------ The data

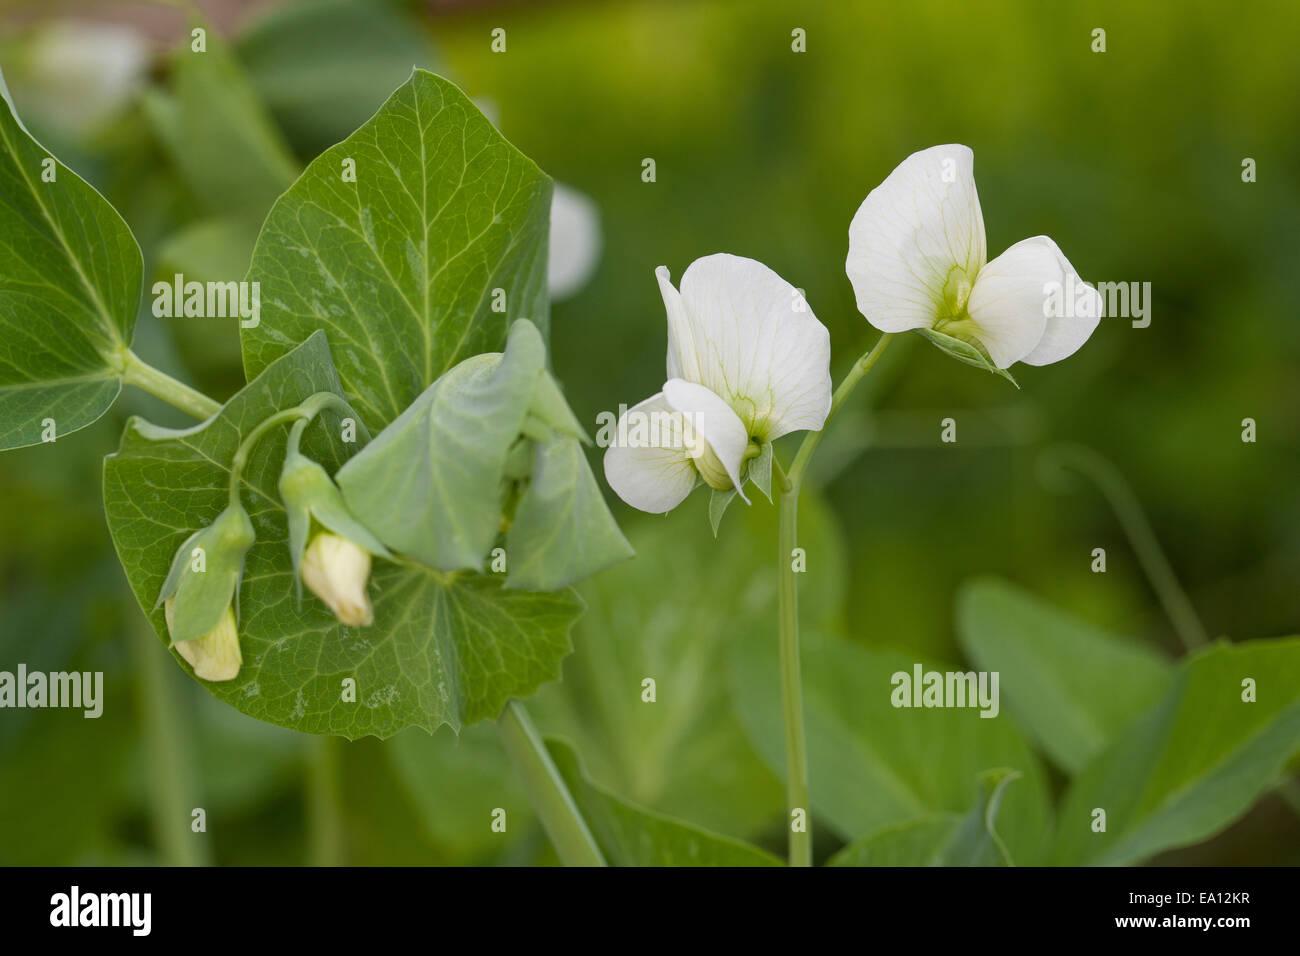 Pea, Garden Pea, Erbse, Gartenerbse, Speiseerbse, Speise-Erbse, Palerbse, Pisum sativum, Pisum sativum subsp. sativum - Stock Image
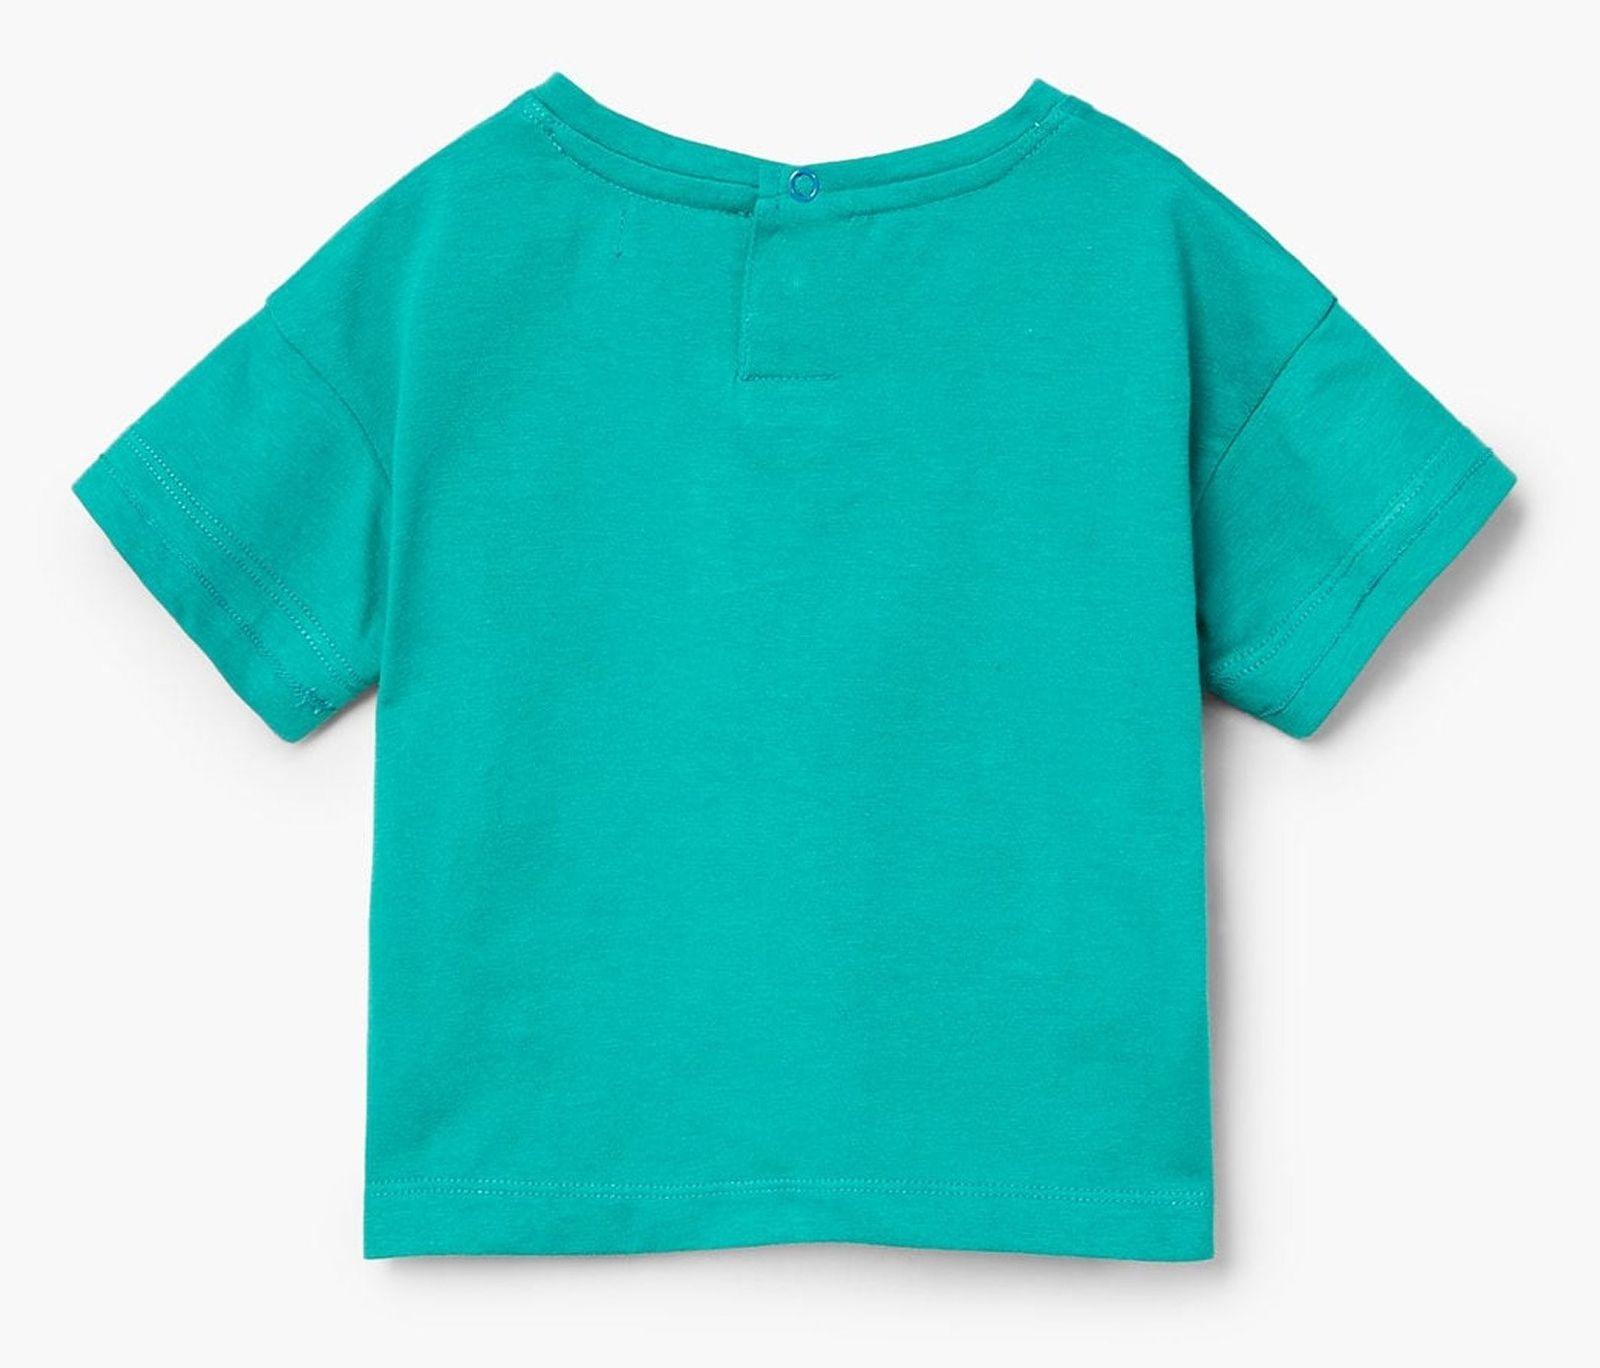 تی شرت نخی ساده نوزادی پسرانه - مانگو - سبز آبي - 2
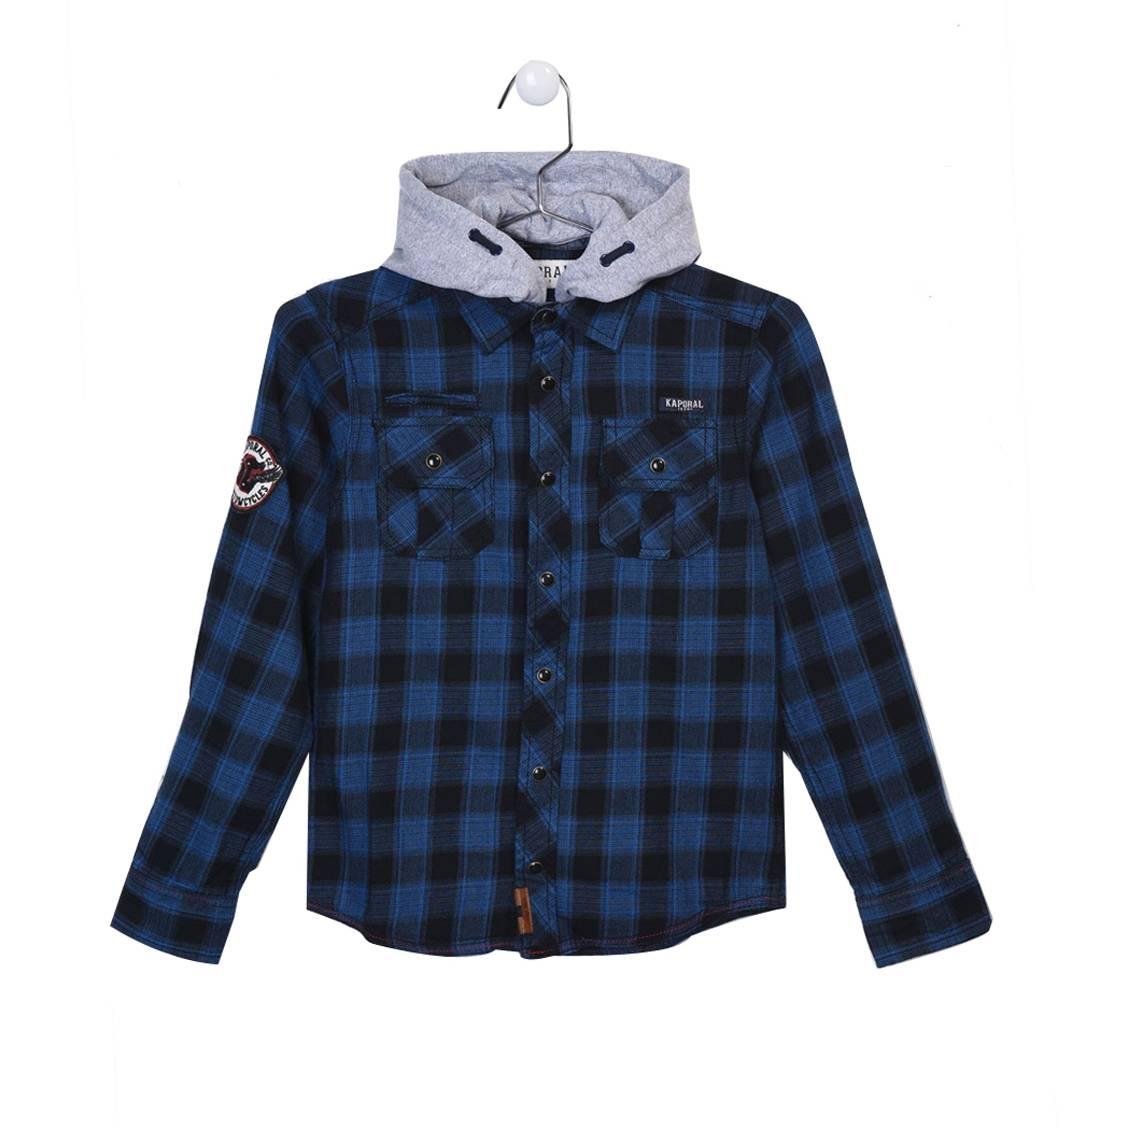 Chemise droite  ned en coton à carreaux bleus et noirs, à capuche amovible

------------

### Task goal
The reply should hold every line of the material above, unchanged, and no pictures.

### Answer section
 Pea, Garden Pea, Erbse, Gartenerbse, Speiseerbse, Speise-Erbse, Palerbse, Pisum sativum, Pisum sativum subsp. sativum - Stock Image
 تی شرت نخی ساده نوزادی پسرانه - مانگو - سبز آبي - 2
 Chemise droite  ned en coton à carreaux bleus et noirs, à capuche amovible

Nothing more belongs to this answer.